# .220 Swift info?



## prariewolf (Jul 24, 2006)

Does anyone know anything about the .220 Swift i read its ballistics, and its very fast and flat shooting. My dad is going to get a new coyote/ deer rifle and we dont know anyone who has shot one. Thanks.


----------



## cya_coyote (Aug 31, 2005)

i shot a 220 a few times... actually was not impressed with it over the 22-250. if you are looking for longer range it might be ok, but the 250 will get you out to 400 if you PRACTICE as well as the 220 will.

i recently got on the band wagon with the 204 ruger. faster than the swift if you are after speed when you use the 32 grain rounds (about 4225 fps)
but i am going to play with the 40 grains. not quite as fast, but it don't matter how fast the bullet flies if you can't hit the target... and they are grouping better for me. also, this round will buck the wind better than the swift if you look at the drift charts. i have hunted around grey horse a few times, and the wind will get you often, about like here in kansas.

just take a look, there are a lot of rifles out there. that was just my choice. i have tried a lot of rifles, and actually am still now to the 204, but so far it looks like a great round, time will tell.

the only thing is you are talking deer, and the 204 won't have the penetration for that... and personally i wouldn't go with the 220 either... heavier bullet, but at the speed i think i would worry about the penetration, as that is VERY important.

just an opinion, take it for what it is worth...

cya
:sniper:


----------



## Danny B (Jun 6, 2006)

If you can shoot a 32 gr bullet out of a swift it would probably go 5500 fps :lol: Prariewolf I've been using 220 swifts and 22-250s for years, both outstanding calibers for varmints or predators. 
cya-coyote the swifts and 22-250 are so close it really don't matter much, but the swift has it over the 250 by just a little if you look it up in the book. 
If I was looking for a varmint-predator-deer caliber I think I'd go a little higher like the 243 or 25-06, that's just my opinion.


----------



## Bore.224 (Mar 23, 2005)

25-06 does not really cater to the varmint crowd the .243 does loading a 55 grn bullet in factory ammo.


----------



## skinner (Jul 25, 2006)

I used the swift for over 25 years for all my predator hunting needs it will do just fine.
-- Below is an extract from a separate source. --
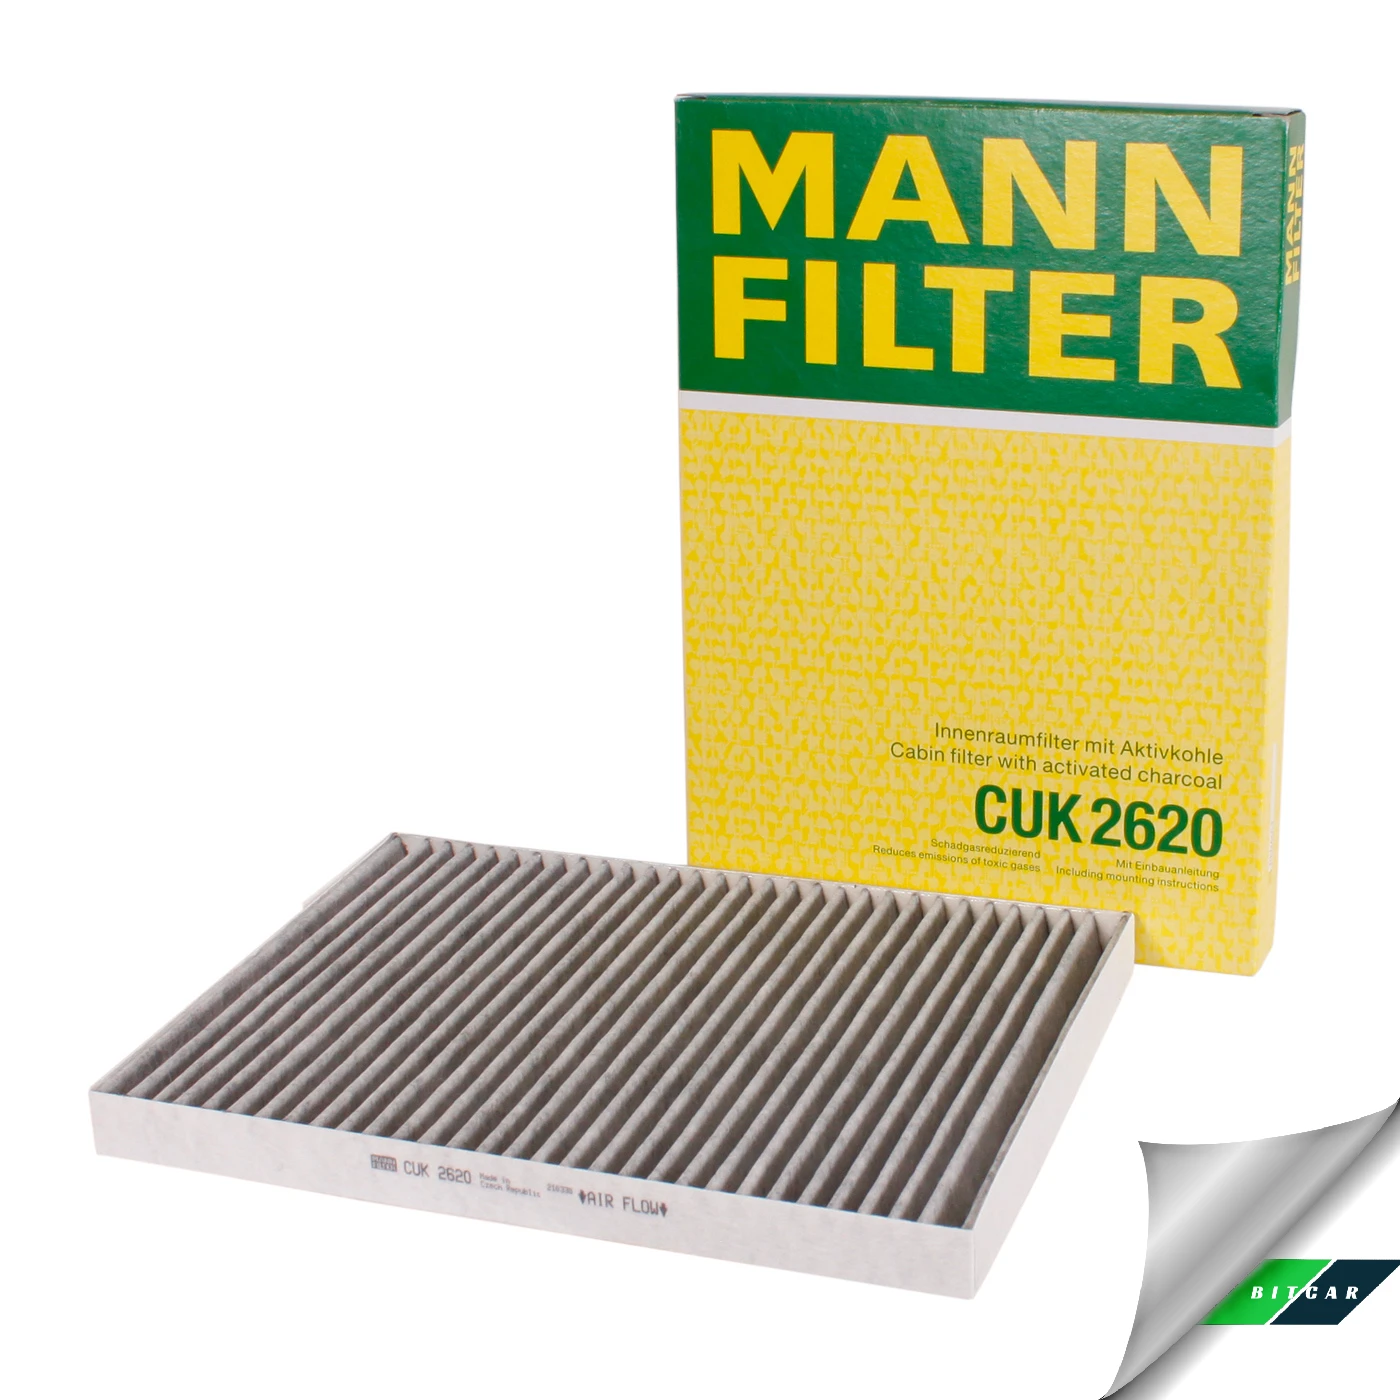 Mann Filter CUK 2620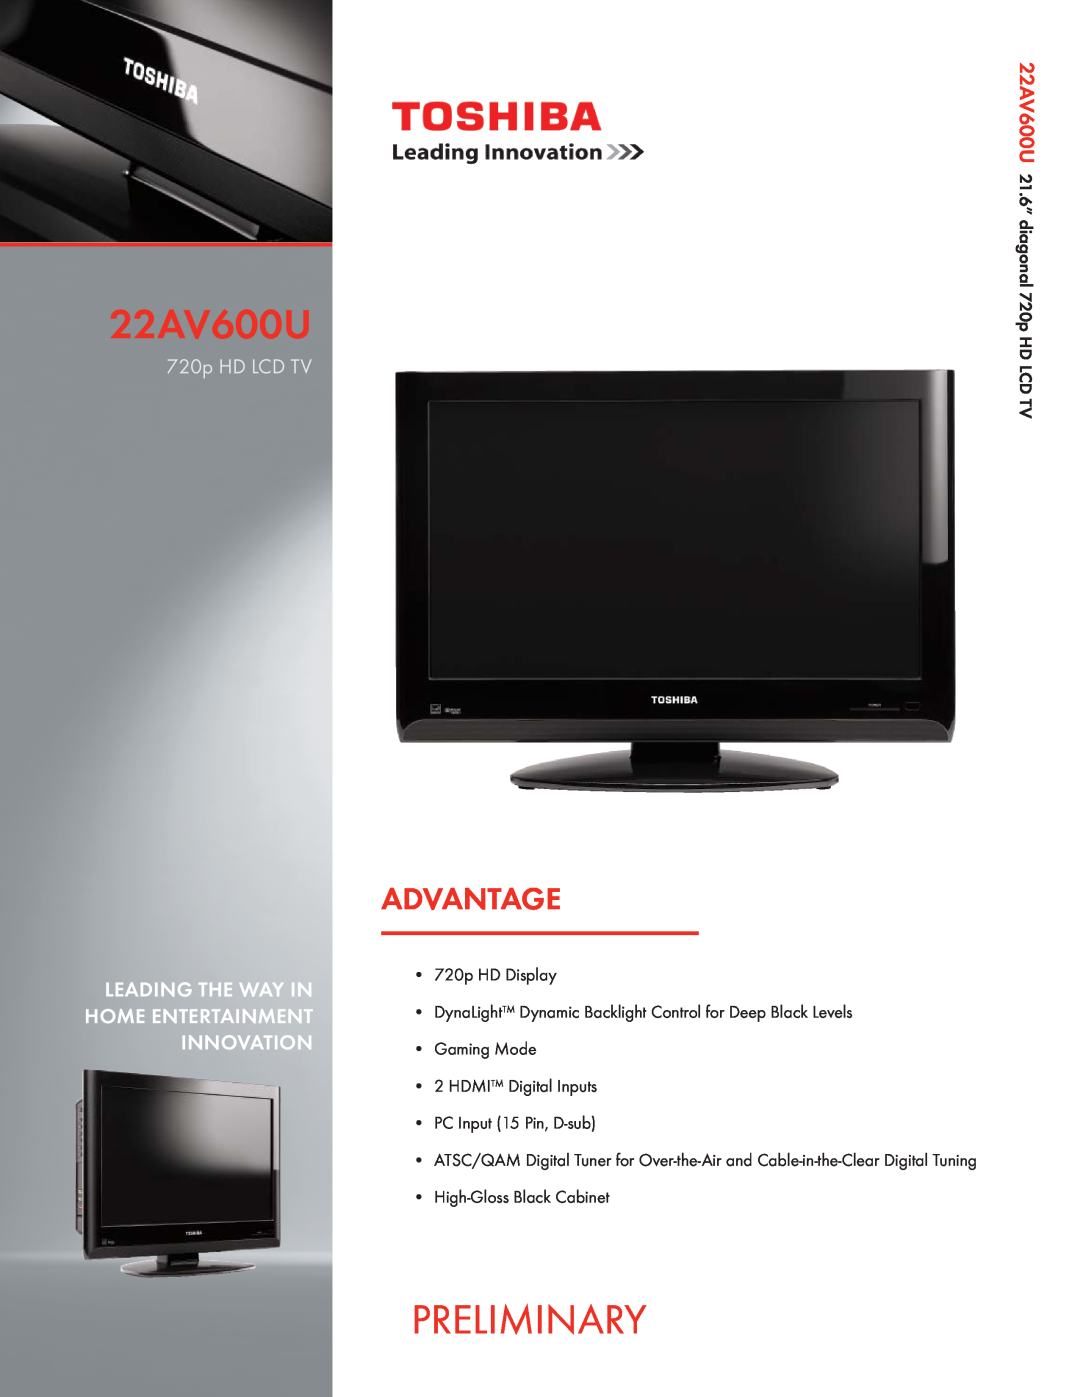 Toshiba manual Preliminary, Advantage, 22AV600U26AV502U, 720p HD LCD TV with CineSpeed

I don't put much credit in what factories tell us when they post the vel of a bullet, I never could get the so called mega speed out of the swift with factory made ammo. 
the swift is the grand daddy of the super speed 22"s a great round 
the 22/250 is just right behind the swift when it comes to performance. the one place were the 22/250 out shines the swift is the availablity of ammo. you can by it from most sporting good stores Wal Marts and such where as the swift is harder to fined.
if you are looking for a round that will do double duty as a predator and deer round then look at the 243 or the 6mm or the 257 roberts they will work out fine for both of your needs


----------



## prariewolf (Jul 24, 2006)

Actually friday night my dad and i went to Bass Pro and got a Browning A bolt Varminter Stalker calibered in a Ruger .204  My dad and i have been looking for a new coyote gun for a while. I have hunted with both the .204 and the .22-250 before which both guns belonged to my uncle. In the end it was a toss up between a .204 or .22-250. We went with the .204 because a .22-250 is realy hard on the barrel, and they kick like a mule. Is a 32 grain bullet the only size bullet you use? I use a 40 grain bullet but they also had a 45 grain bullet for the .204. Thanks for the help. 
Danny B- would you recommend a .220 swift for deer? i am also looking for a new deer rifle i am looking at the .220, 25-06, and the .243. Any recomendations?
Thanks
:sniper:


----------



## jhegg (May 29, 2004)

The 22-250 kicks like a mule?  News to me! If you push hot loads through your .204, it will eat up barrels too.


----------



## OkieYodler (Jul 18, 2006)

prariewolf,

Do you ever listen to what I say? We go over this same conversation practically every weekend. Jk, lol.


----------



## yote caller (Oct 21, 2006)

220swift is a great gun my dad shoots one he loves it the best gun hes ever had o like it too he gets em whn ther out ther


----------



## deathwind (Apr 17, 2005)

I've used the swift for years and its a great caliber for varmints.The 204 ruger is the new kid and i've heard good things about it also.The 22-250 is another classy caliber and very popular.Now all of these calibers are great but their not deer calibers and intended for just what they are varmint rounds.Sure given the right distance and in the hands of good shots they'll kill deer but the 243/25-06 class would be better as a varmints/deer round.


----------



## Danny B (Jun 6, 2006)

Prariewolf, though a swift can kill a deer ( so can a .22 short ) , I would not recommend it. You really need a larger caliber for a clean kills on larger sized game. 
Prariewolf, I bought my first 22-250 back in 1965 when Rem. first brought them out. I've killed hundreds of coyotes with that caliber, but my first love is the swift. 
The caliber you deside on is a personal thing, nowadays you have so many to pick from and they all do the job. 
If I had the money and could pick only six calibers for predator hunting they would go something like this.....17 Rem....221 fireball....220swift.....243Win....25-06....308.....Like I said, it's a personal thing lol.


----------